Услышав это слово, все бросили свое занятие и встревоженно переглянулись, но благоразумно молчали. Всадники никогда не догоняли отряд охотников, так как это могло вспугнуть добычу, – кроме случаев, когда отряд отсутствовал слишком долго и о нем начинали беспокоиться. Одиночного всадника посылали только в том случае, если Гарада внезапно требовалось вернуть в селение, а это означало плохие новости.
Гарад молча посмотрел на Гейю, затем поднялся, чтобы встретить всадника.
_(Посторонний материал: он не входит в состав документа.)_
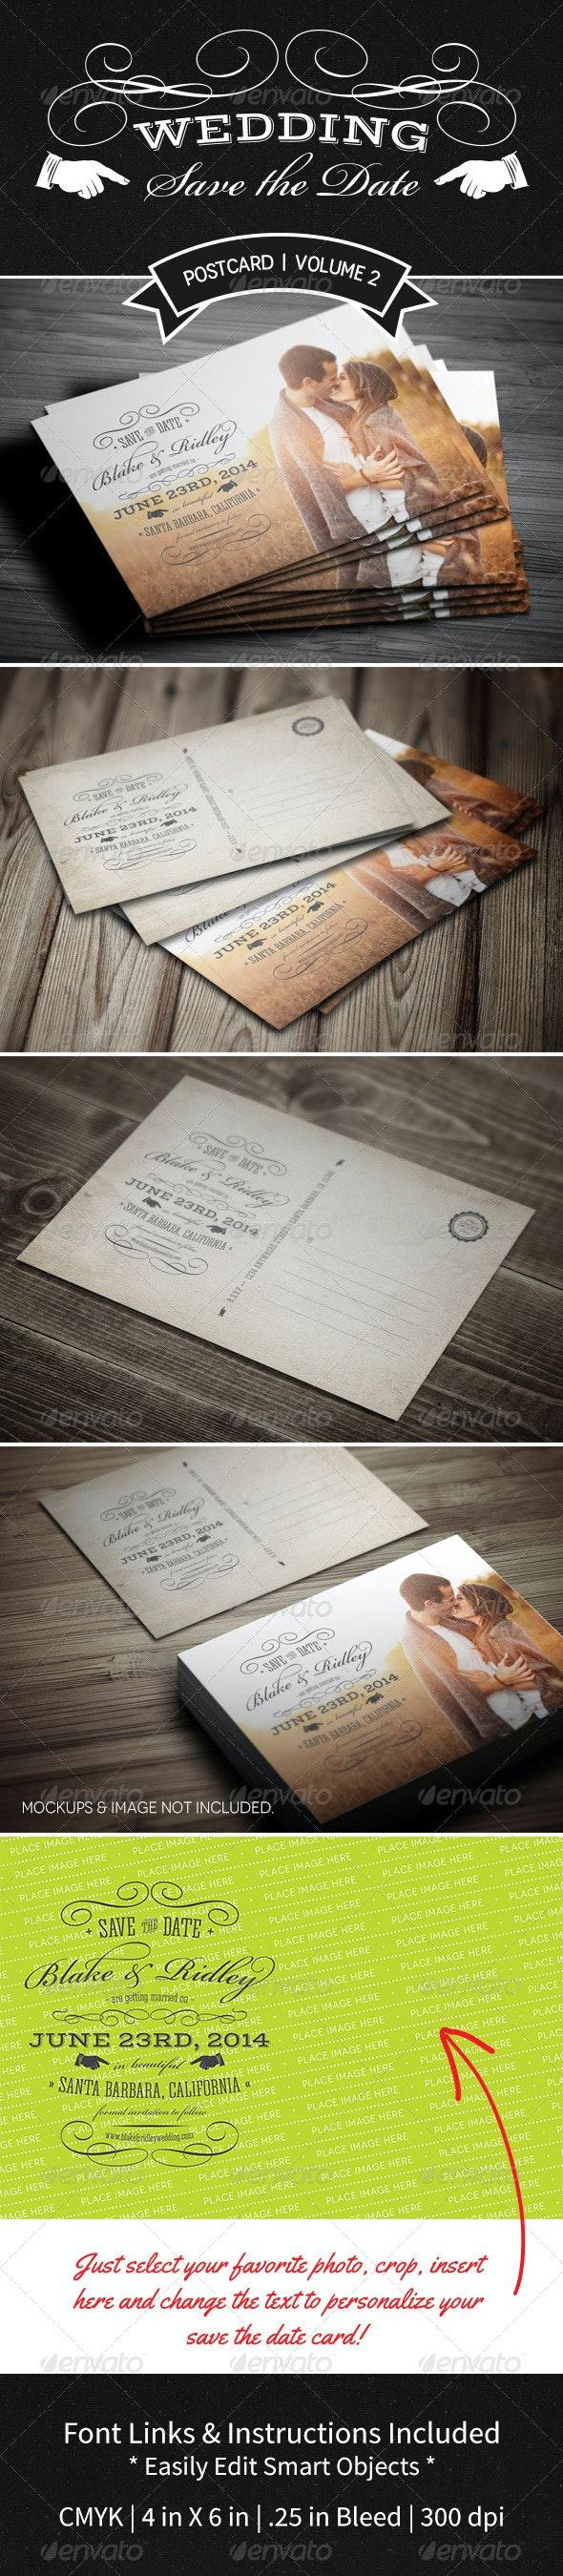 Save The Date Postcard | Volume 2 - Weddings Cards & Invites

Кург’нал, старый, седой орк, соскочил со своего волка и приветствовал вождя, ударив большой рукой по своей широкой грудной клетке.
Гонец не стал тратить слов зря.
– Великий вождь, приехал какой‑то орк под флагом переговоров и желает видеть тебя.
Гарад нахмурил брови.
– Переговоров? – это слово показалось ему странным, и в его голосе слышалась растерянность.
– Что такое «переговоры»? – Оргрим был одним из самых могучих орков в клане, но умел двигаться совершенно бесшумно, когда хотел. Дуротан, увлеченный разговором, даже не заметил, как друг подошел к нему.
– Переговоры означают… – Дуротан подыскивал слова. Для орка они звучали так странно. – Этот чужак приехал только поговорить. Он приехал с миром.
– Что? – Оргрим выглядел почти комично, его клыкастая челюсть слегка отвисла. – Это, должно быть, какой‑то подвох. Орки не ведут переговоров.
Дуротан не ответил. Он смотрел, как Гейя подошла к мужу и тихо что‑то говорила ему. Как и Дрек’Тар, Гейя была шаманом, и у нее были свои, особые задачи. Она была Хранительницей закона, хранила свитки, передаваемые от поколения к поколению, и заботилась о том, чтобы древние традиции и обряды Северных Волков не были утрачены. Если кто‑то и понимал, как должным образом ответить орку, приехавшему под знаменем переговоров, то именно она.
Гарад повернулся к молчащим оркам, терпеливо ожидающим его реакции.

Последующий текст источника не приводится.